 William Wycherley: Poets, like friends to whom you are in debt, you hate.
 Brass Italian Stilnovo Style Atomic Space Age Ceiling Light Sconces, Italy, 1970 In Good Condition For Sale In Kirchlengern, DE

...

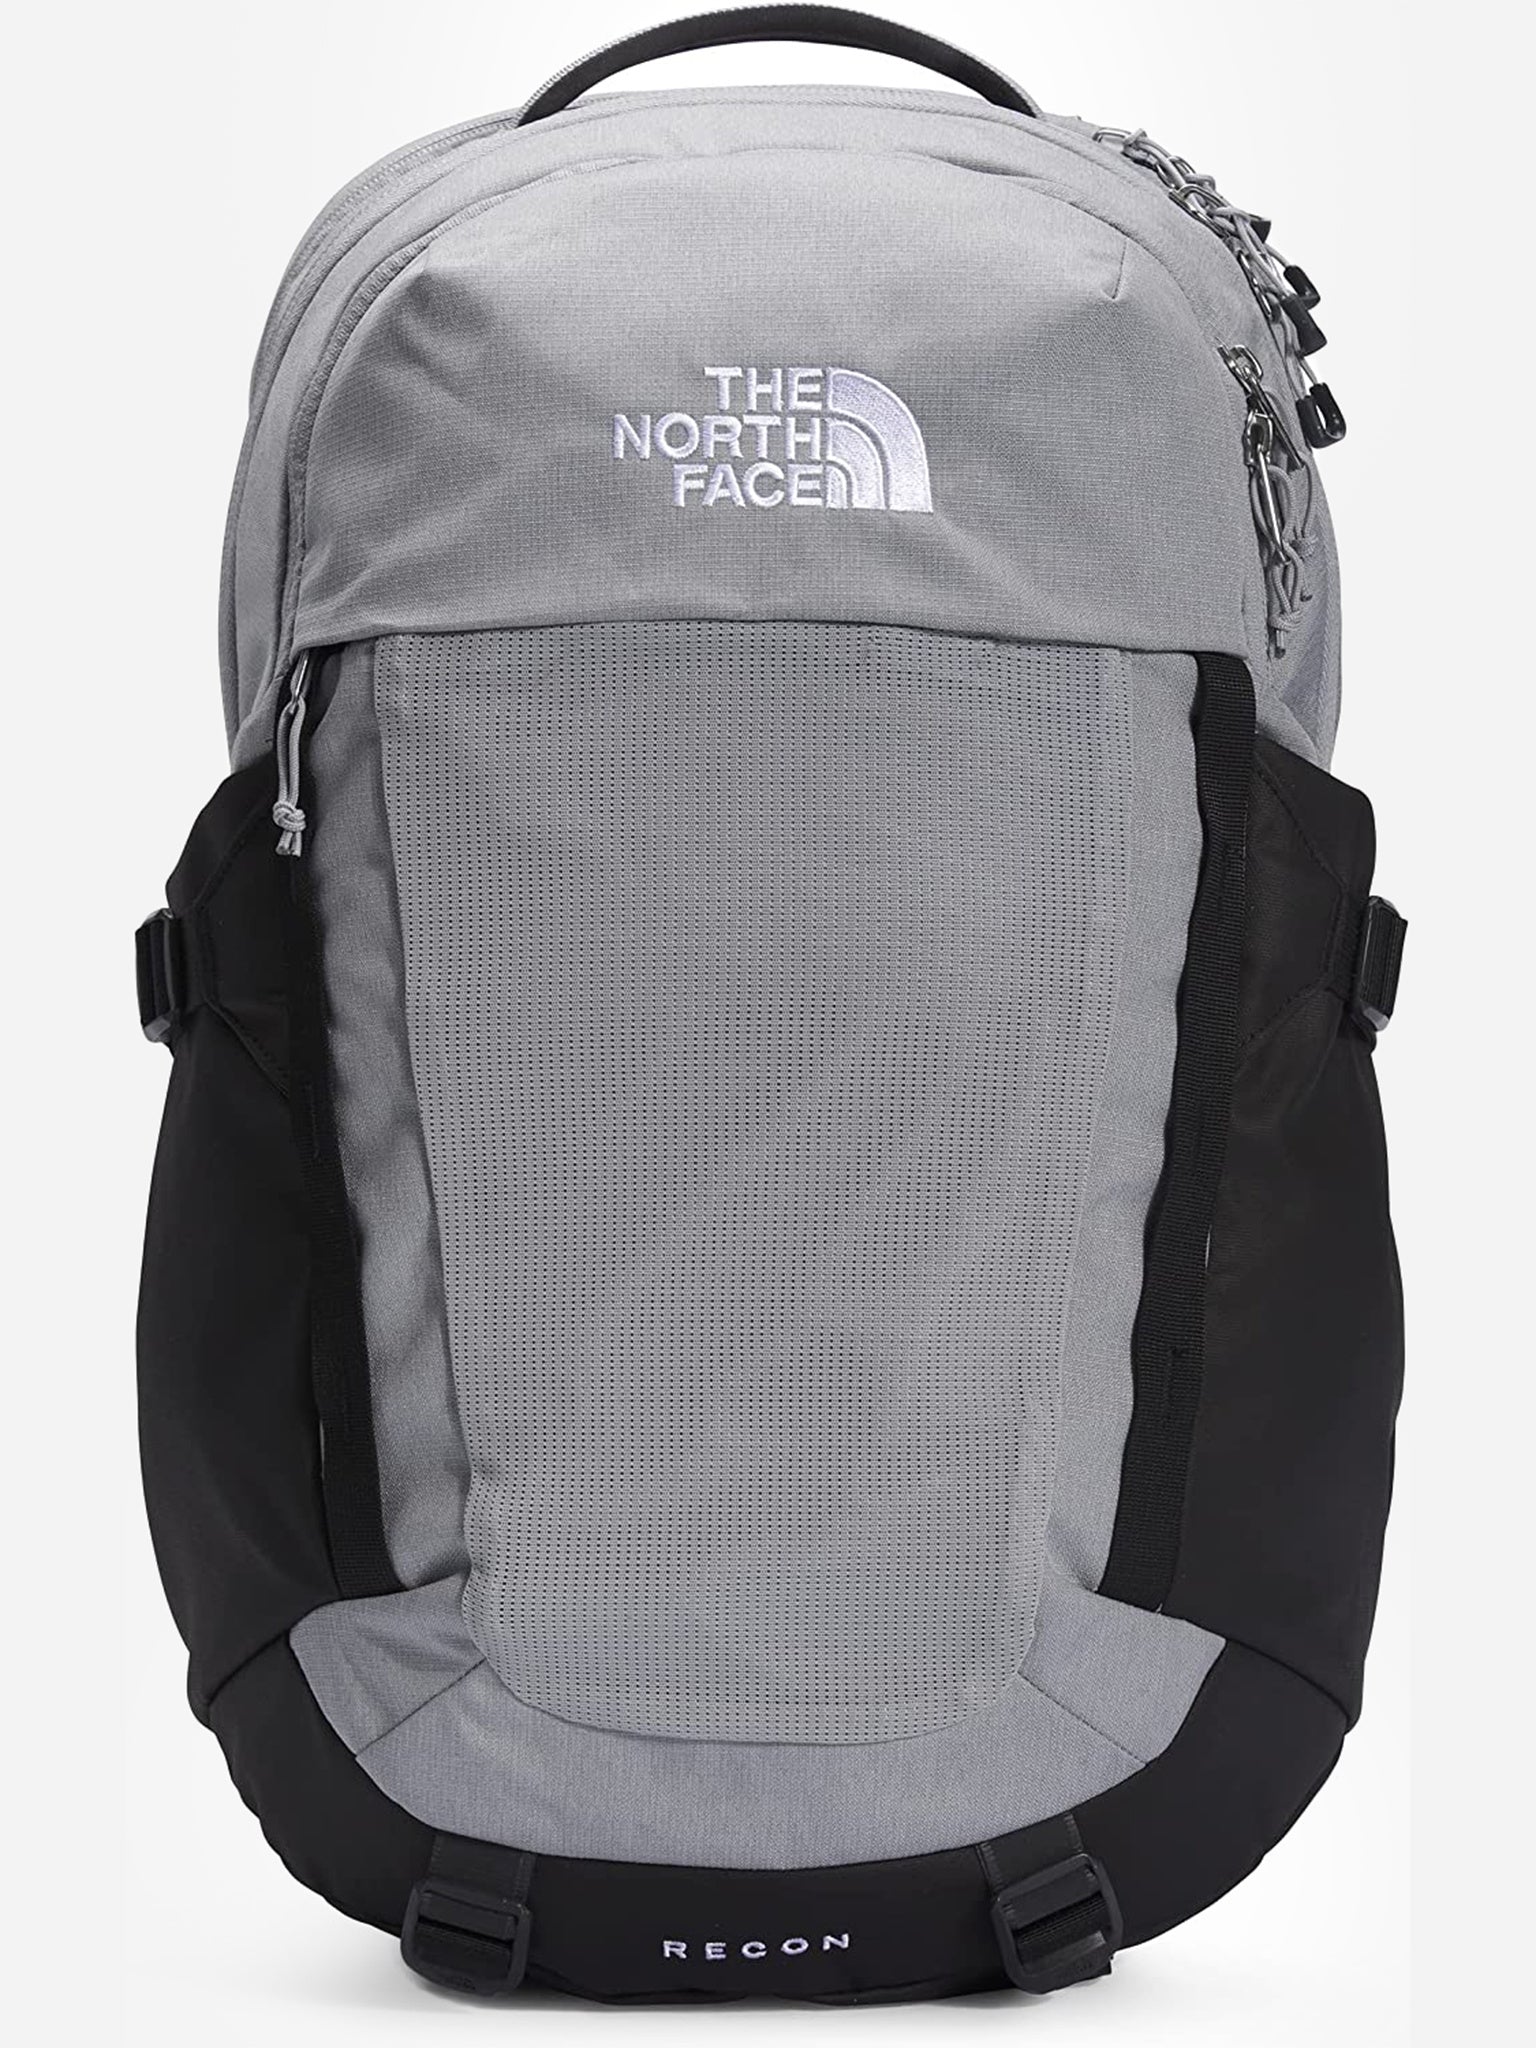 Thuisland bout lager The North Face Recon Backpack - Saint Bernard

### Work instruction
Above are the records; copy exactly the lines from the line with "William Wycherley: Poets, like" through the line with "Brass Italian Stilnovo", both included.

### Result of this task
 William Wycherley: Poets, like friends to whom you are in debt, you hate.
 Brass Italian Stilnovo Style Atomic Space Age Ceiling Light Sconces, Italy, 1970 In Good Condition For Sale In Kirchlengern, DE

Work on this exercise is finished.